Opinion rules that a dramatization disclaimer is not required when using a stock photograph in an advertisement so long as, in the context of the advertisement, the stock photograph is not materially misleading.
Are dramatization disclaimers required when using stock photographs in a print or video advertisement for legal services?
No. Rule 7.1, Communications Concerning a Lawyer's Services, sets forth the essential requirements for all advertising by lawyers. Rule 7.1(a) states that a lawyer shall not make a false or misleading communication about the lawyer or the lawyer's services. Rule 7.1(b) provides that a communication by a lawyer that contains a dramatization depicting a fictional situation is misleading unless it contains a conspicuous statement at the beginning and end of the communication "explaining that the communication contains a dramatization and does not depict actual events or real persons."

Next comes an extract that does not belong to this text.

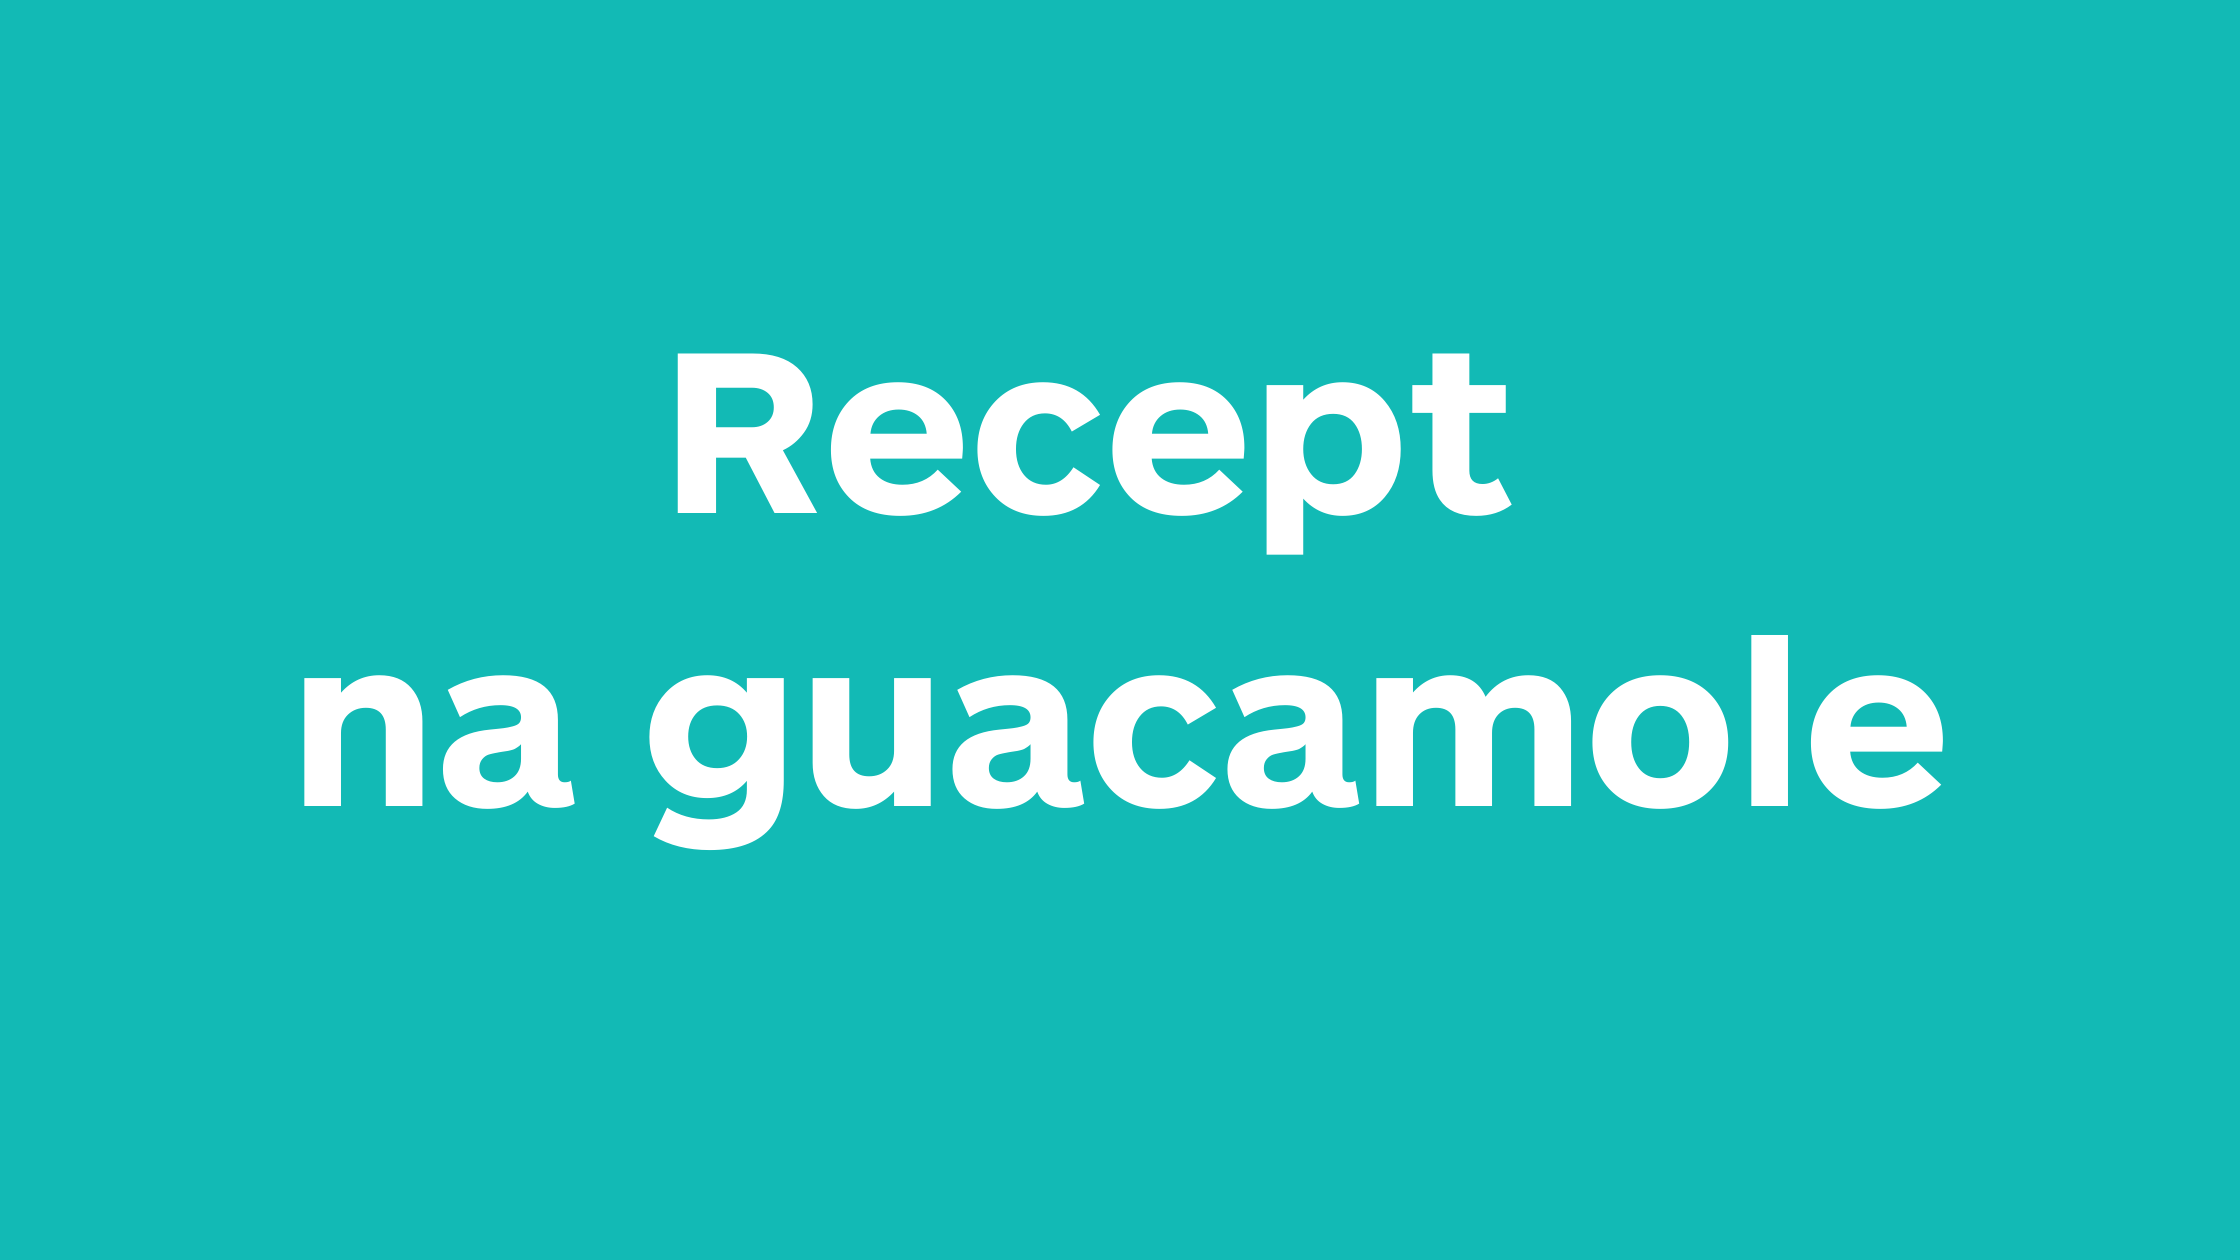 Haciendo guacamole - recept na guacamole

Dramatizations of fictional cases in video advertisements ("commercial dramatizations") are potentially misleading. See RPC 164. Therefore, such advertisements require the dramatization disclaimer. See Rule 7.1(b). "Stock photographs" are professional photographs of common places, events, or people that can be used and reused for advertising. Like commercial dramatizations, stock photographs do not depict actual events or actual clients. However, unlike commercial dramatizations, stock photographs, because they are static, do not have the same tendency to mislead a consumer of legal services. Unless in the context of the advertisement or marketing document, the stock photograph creates a material misrepresentation of fact, a stock photograph may be included in legal advertisement without a dramatization disclaimer. See Rule 7.1(a)(1).